# Work instruction
Pictures stay out of the copy. Retype exactly the lines below from the one with "Maple custom mid-century modern table" through the one with "Bosch Bohrer Set".

# Material for this exercise
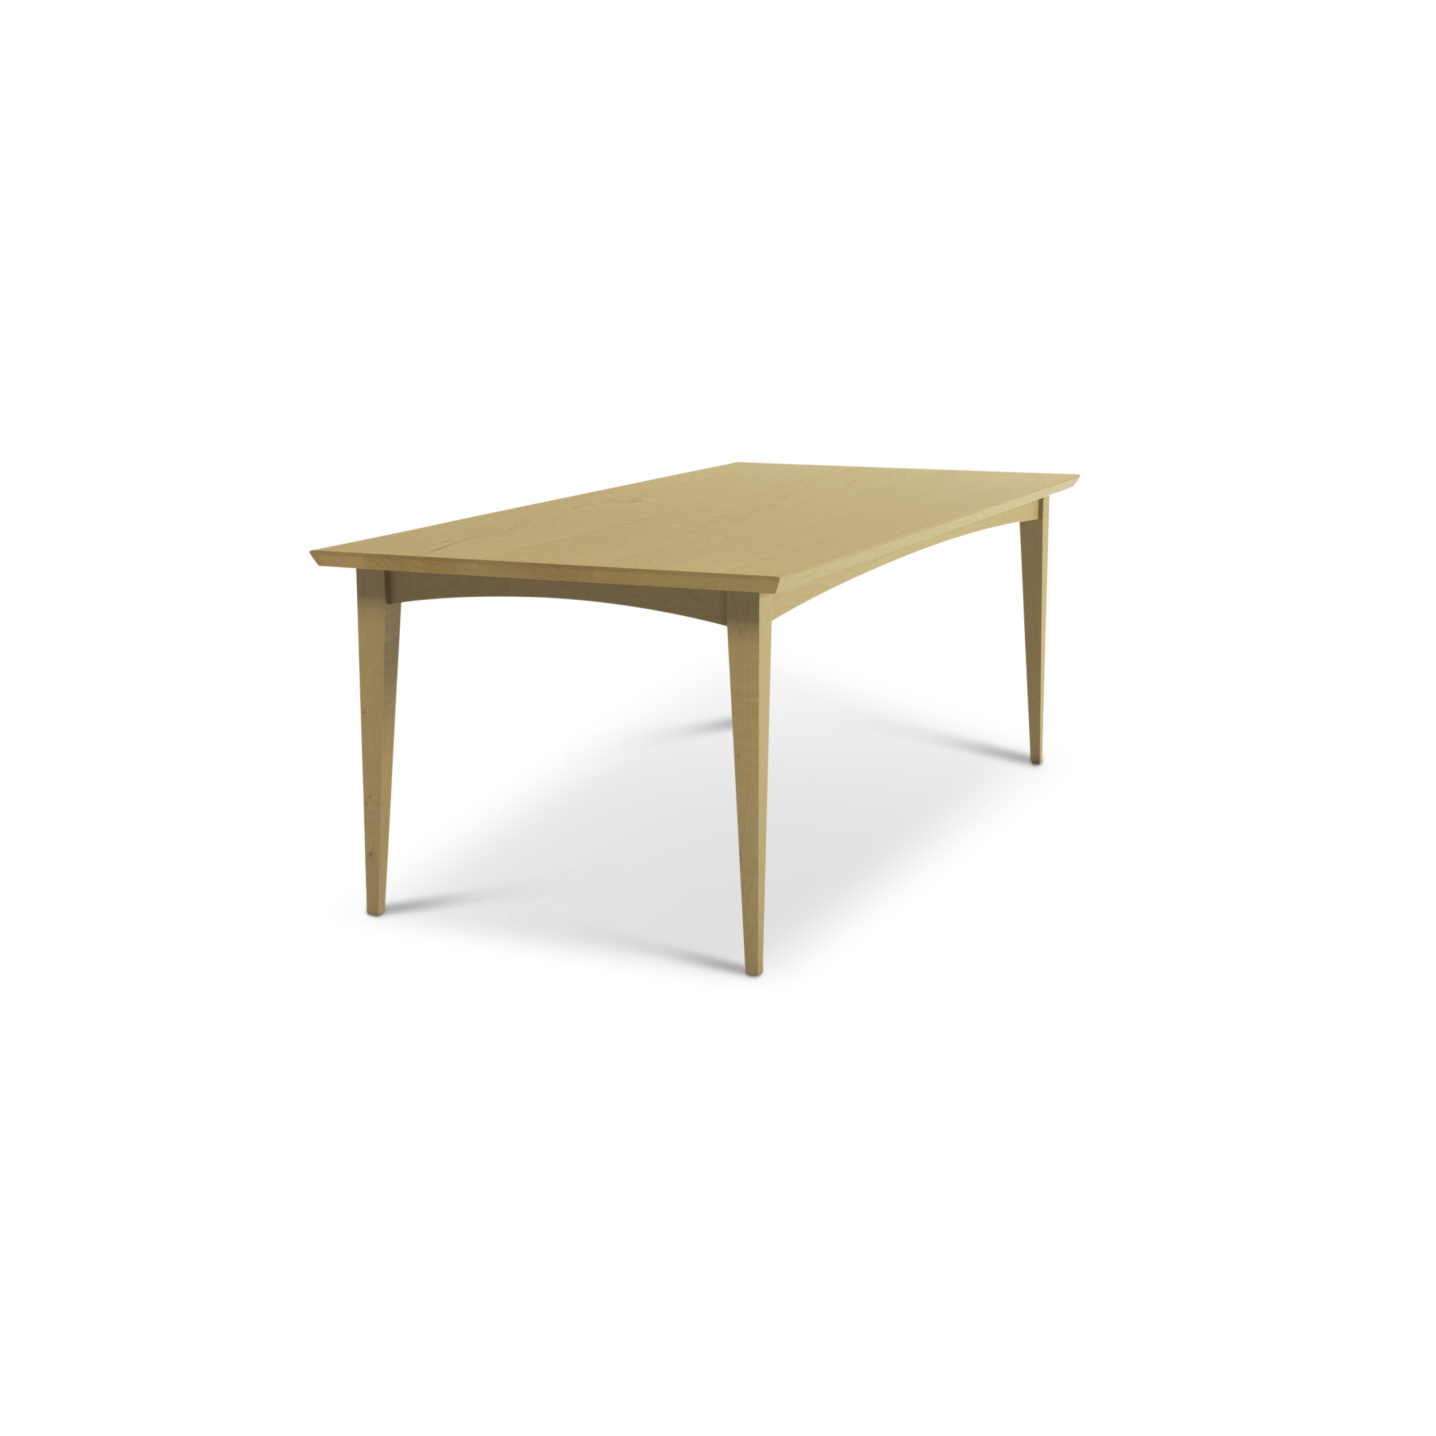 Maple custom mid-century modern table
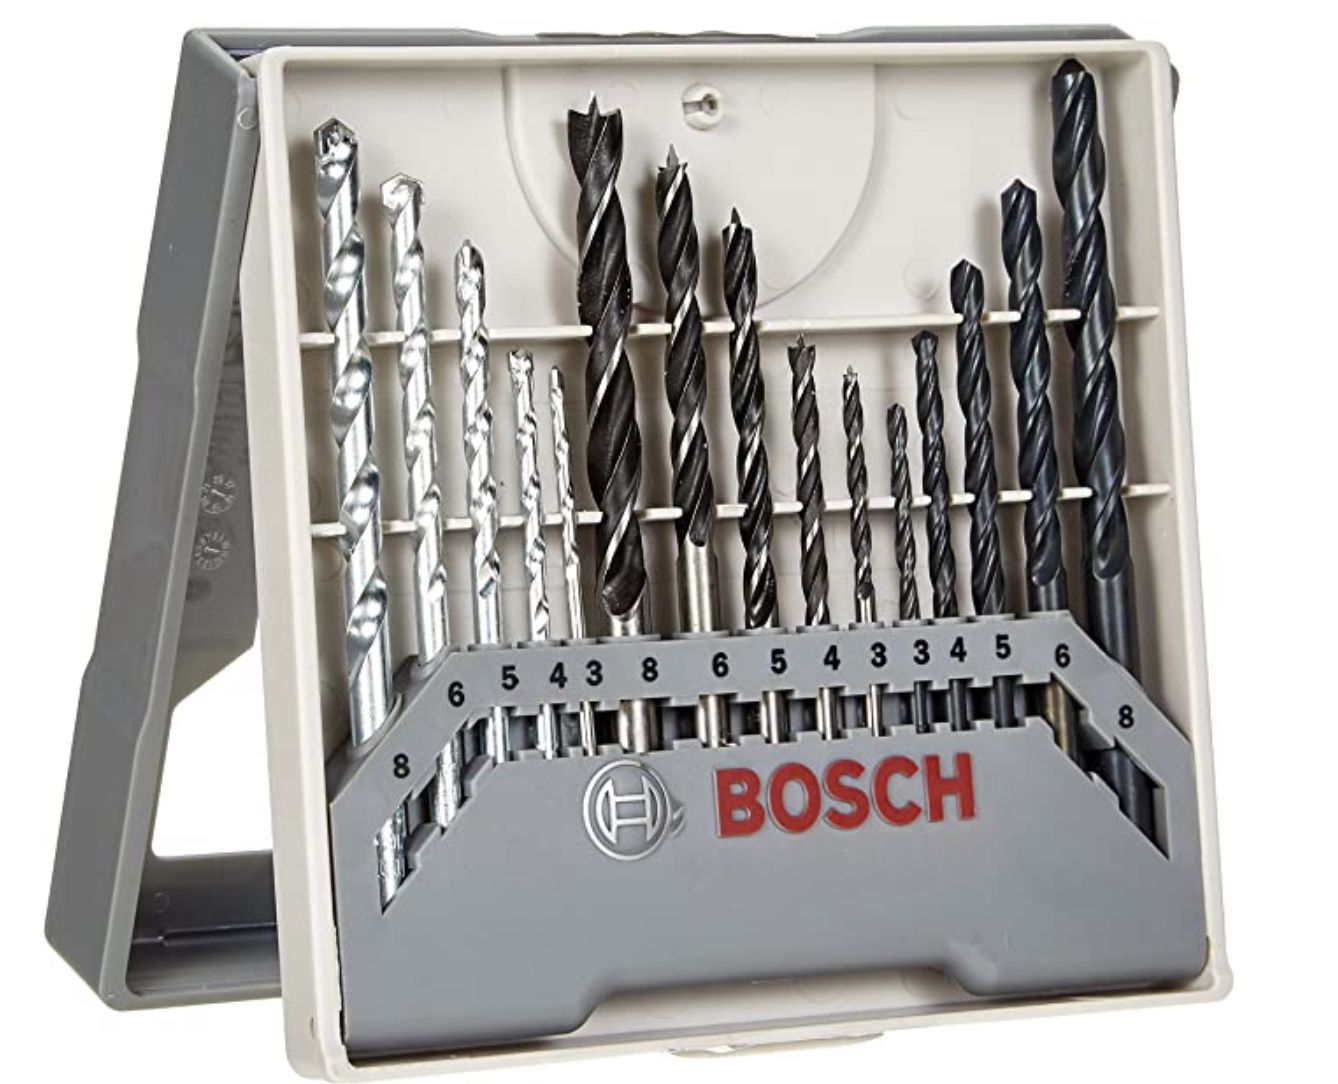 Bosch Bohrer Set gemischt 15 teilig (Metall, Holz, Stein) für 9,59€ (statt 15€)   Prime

==

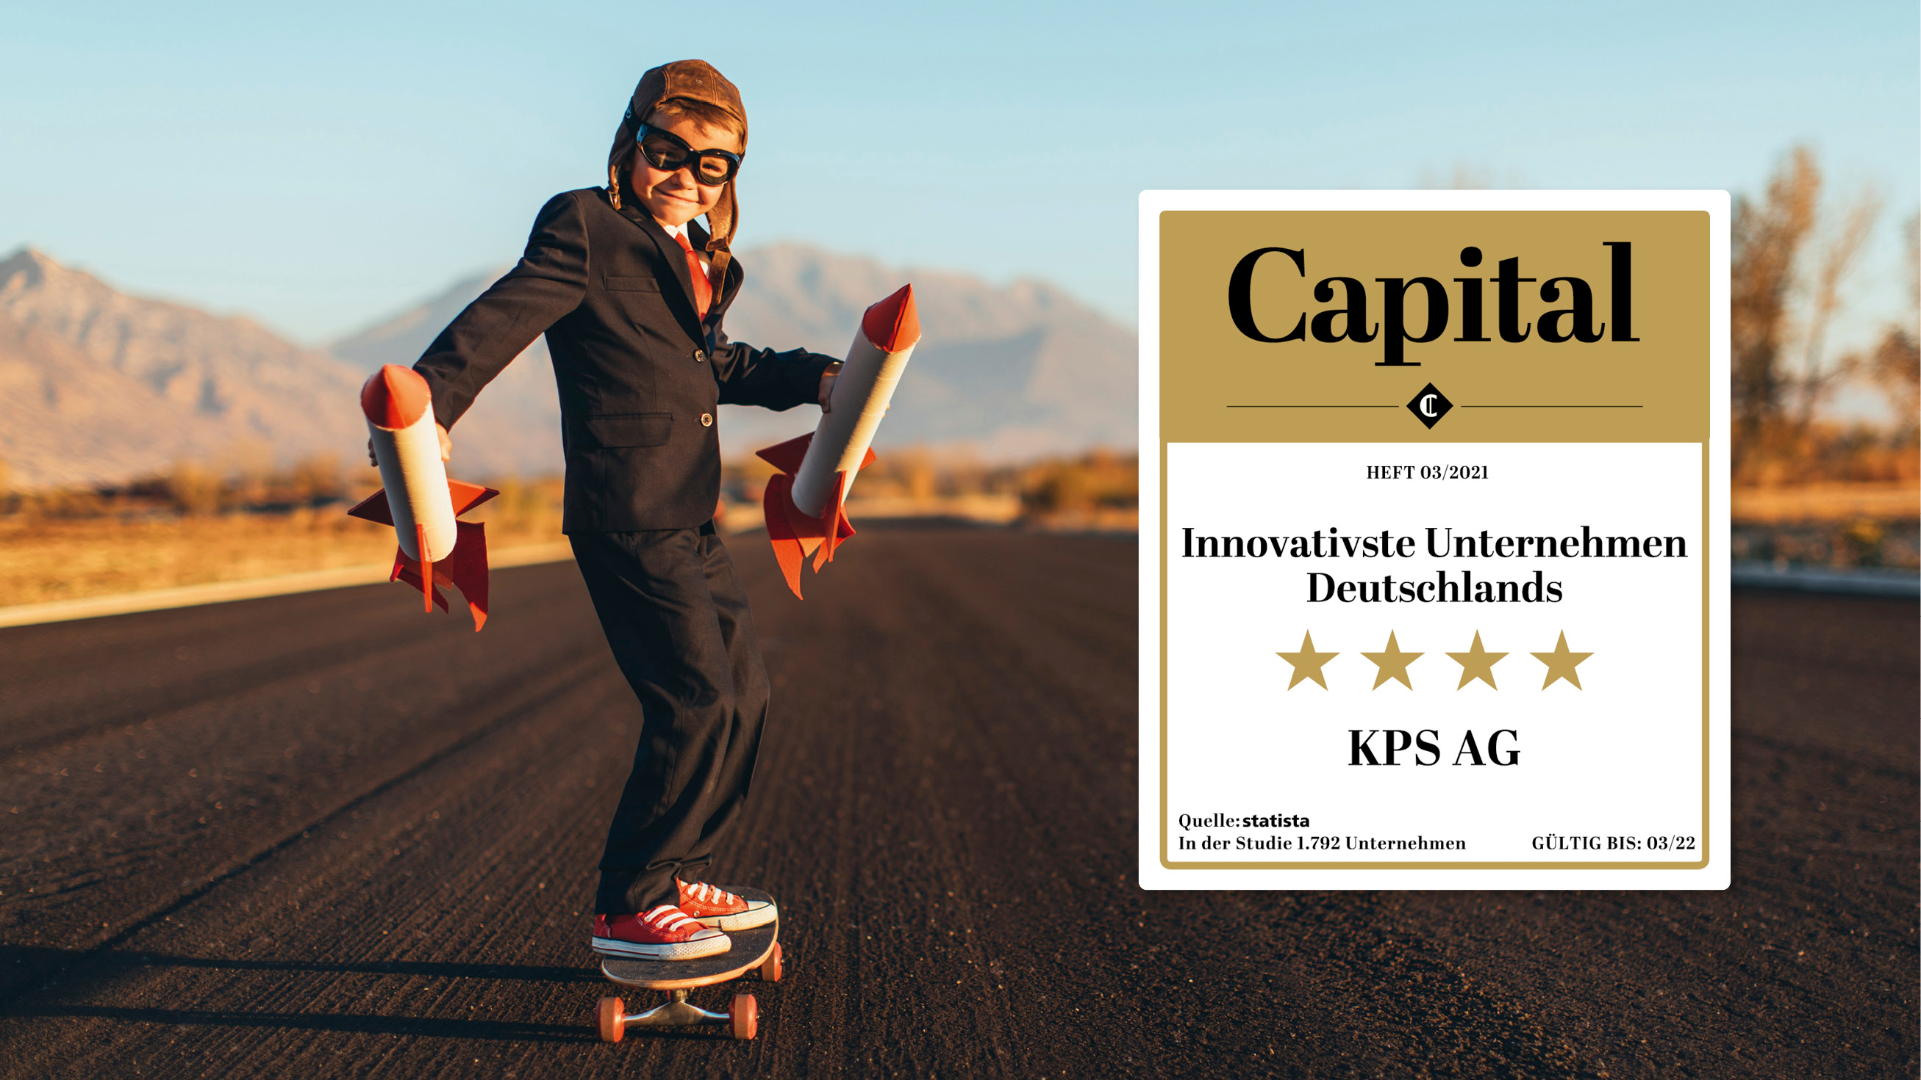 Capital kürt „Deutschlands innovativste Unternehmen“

# Solution to this exercise
 Maple custom mid-century modern table
 Bosch Bohrer Set gemischt 15 teilig (Metall, Holz, Stein) für 9,59€ (statt 15€)   Prime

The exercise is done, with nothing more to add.